Na divisa com São Bento do Sapucaí, a seta amarela orienta novamente para estradas de terra. Trecho bem úmido, com lama e erosões. Seguimos com cuidado, até nos depararmos com uma imensa árvore caída atravessando o caminho. Não dava para desviar, pois, de um lado, havia o barranco e do outro, o morro. Erguer as motocicletas para transpor exigiria um esforço imenso e poderíamos encontrar outros perrengues mais adiante. Decidimos abortar o roteiro ali e voltamos para o asfalto, descendo a SP-123 até a Dutra. Perdeu a graça, mas, mesmo assim, alguns seguiram até Aparecida.
Meses depois, voltei ao local da árvore tombada com uma Kawasaki 250cc e segui o caminho, entrando na cidade de Campos do Jordão. Segui as placas que indicam a quilometragem restante até Aparecida pela Avenida do Horto e desci a Estrada do Gomerale Pedrinhas até Guará. Há um trecho com alguns cotovelos e muitas pedras, mas vale a pena se aventurar e fazer uma pausa no deck panorâmico da Trutaria Bela Vista, providencialmente localizada onde acaba a dificuldade. Em outra ocasião, com moto de trilha, desci pela “Trilha da Santa”, saindo da SP-123 em Santo Antônio do Pinhal até a estação ferroviária de Piracuama, em Pinda. Esta é bem desafiadora: só pedras e degraus, boa opção para quem vai a cavalo!
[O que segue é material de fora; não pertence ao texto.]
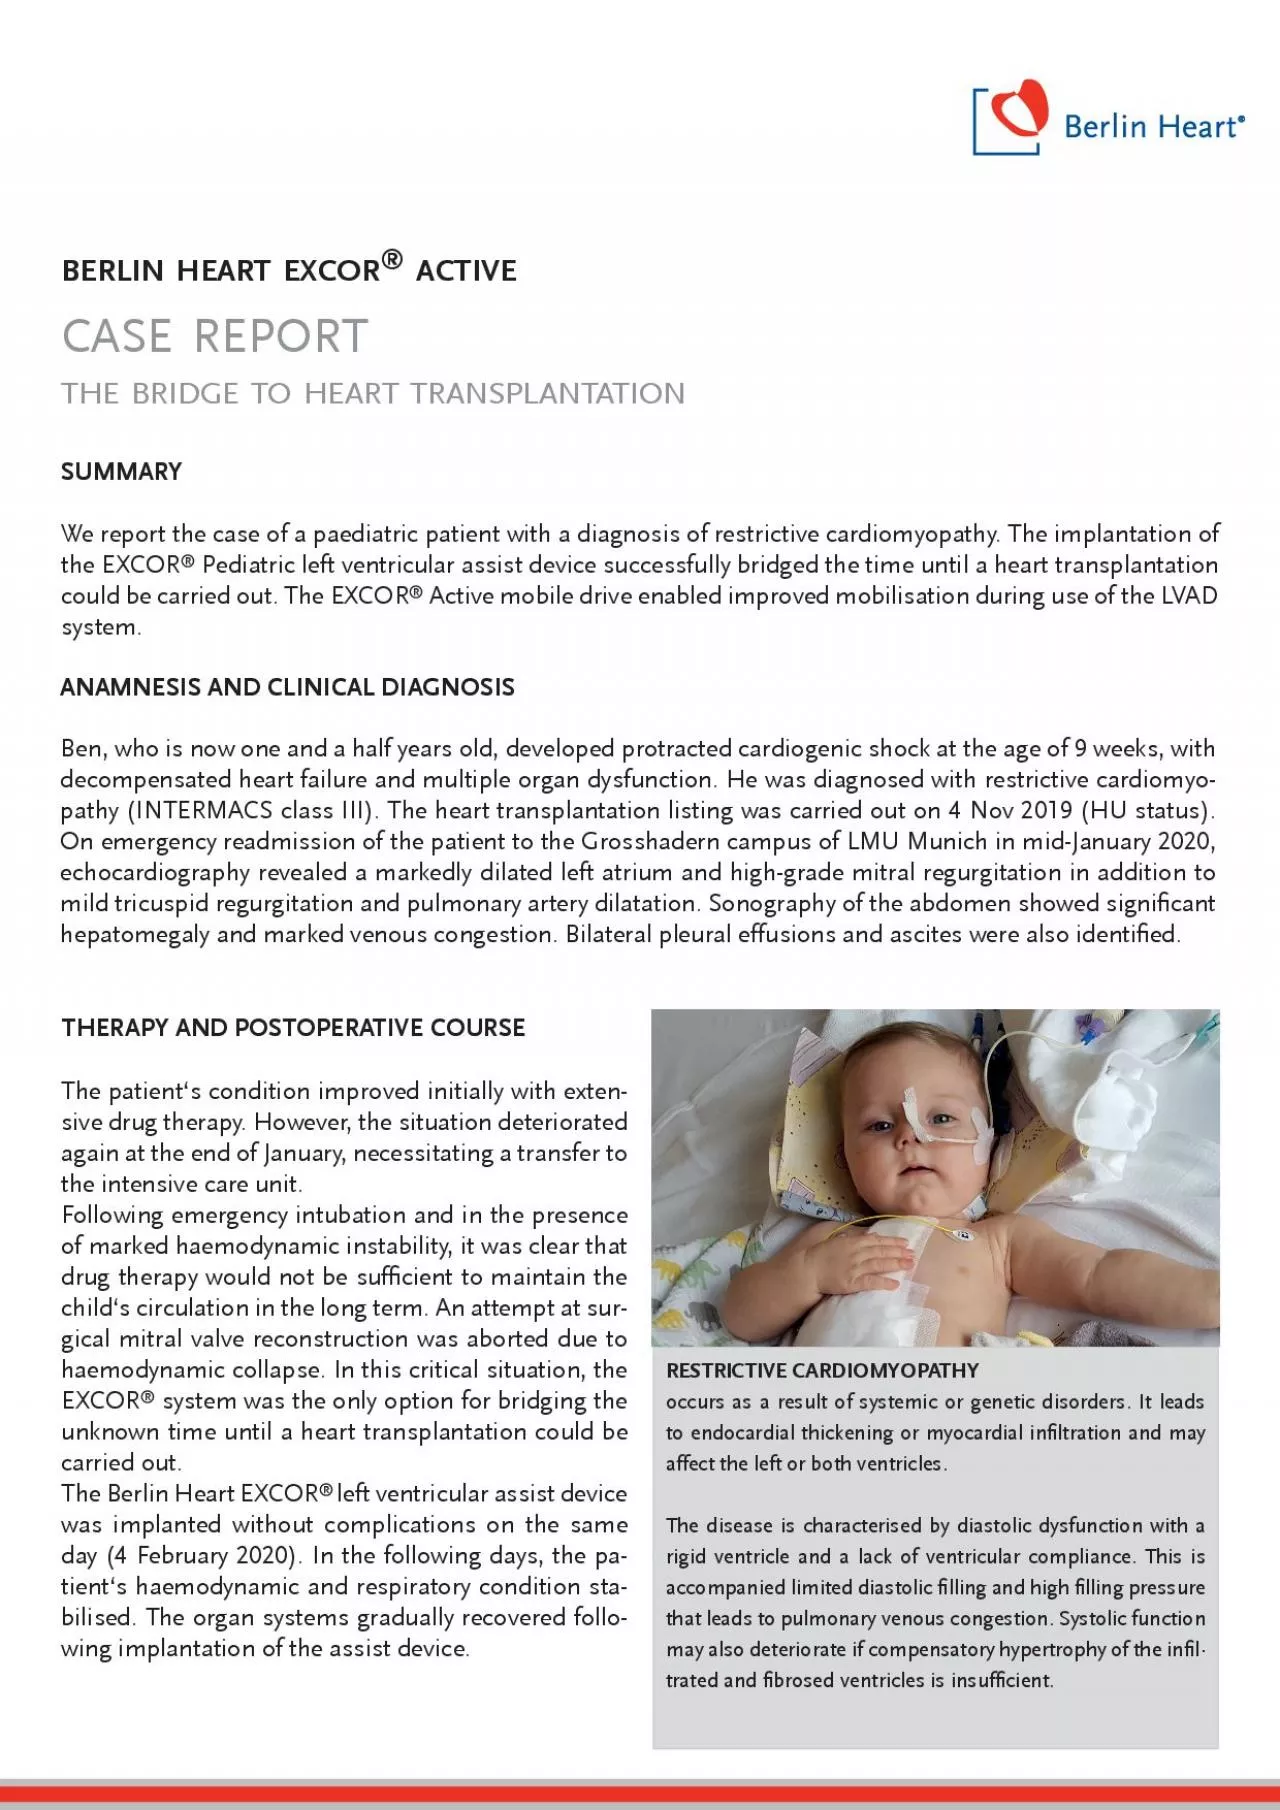 We report the case of a paediatric patient with a diagnosis of restric

O Caminho da Fé abriga muitos locais pitorescos: alambiques, pousadas, restaurantes, mirantes… E, no percurso, você sempre encontra gente boníssima para prosear, sejam peregrinos ou locais. Assim, é uma aventura interessante para se fazer só, sem ter aquela sensação de isolamento, e para voltar muitas vezes, com a certeza de novas descobertas!